À cela s’ajoute un très fort exode rural : toute une partie de la population française qui était jusqu’à présent autosuffisante, voire autarcique, se retrouve à devoir acheter sa nourriture, sans pouvoir la payer très cher. Car c’est également le début des trente glorieuses et il faut libérer du revenu pour pouvoir acquérir divers biens de consommation, des voitures par exemple.
Vous expliquez qu’il y a à ce moment-là en Bretagne « une sorte d’alignement des planètes économique, politique et syndicale ». Est-ce cette conjonction d’intérêts qui a permis que cette révolution agro-industrielle advienne ?

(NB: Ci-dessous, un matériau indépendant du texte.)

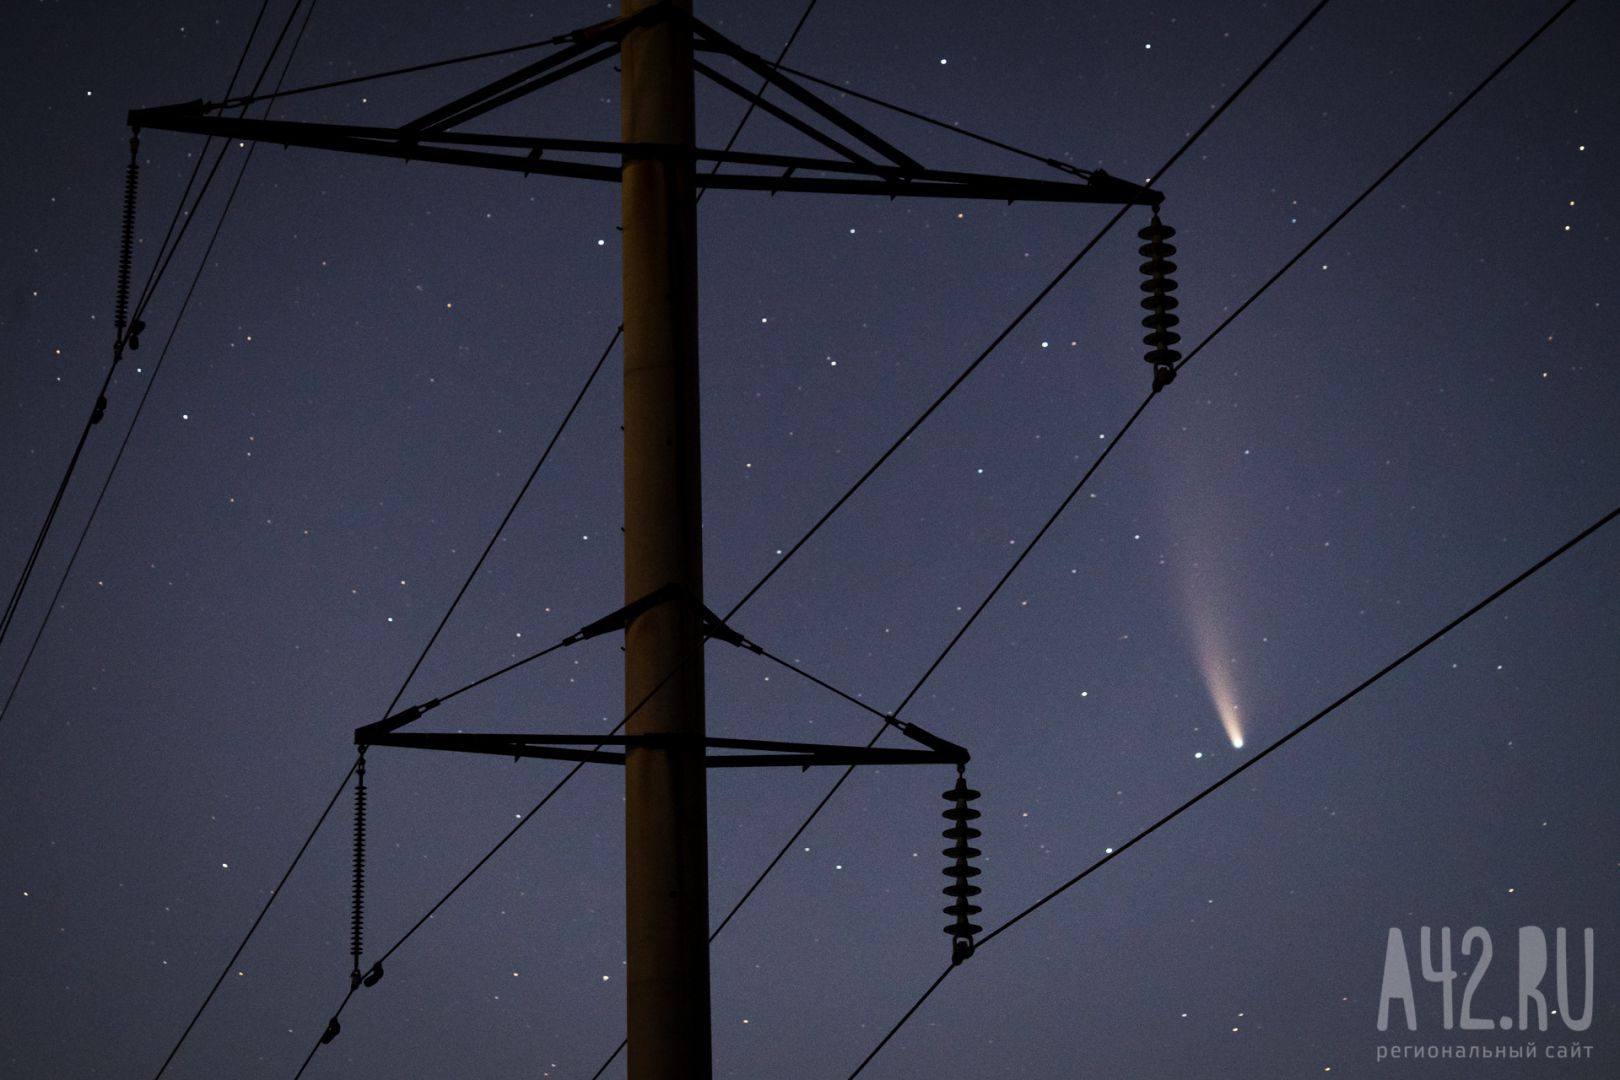 Специалист объяснил появление светящихся объектов в небе над Уралом

Tout à fait. Et cette conjonction d’intérêts est d’ailleurs stupéfiante. Beaucoup de gens aujourd’hui aimeraient un tel alignement de planètes sur la question écologique, pour qu’un basculement opère. Mais on n’en finit pas d’attendre…
Dans les années 1960, pour des raisons qui relèvent de l’alchimie géopolitique et historique, tout le monde se met au garde-à-vous : les opérateurs économiques, les institutions étatiques, les élus, les entités financières et bancaires ainsi que divers autres acteurs tels que l’enseignement agricole, les mouvements de jeunesse et le syndicat agricole.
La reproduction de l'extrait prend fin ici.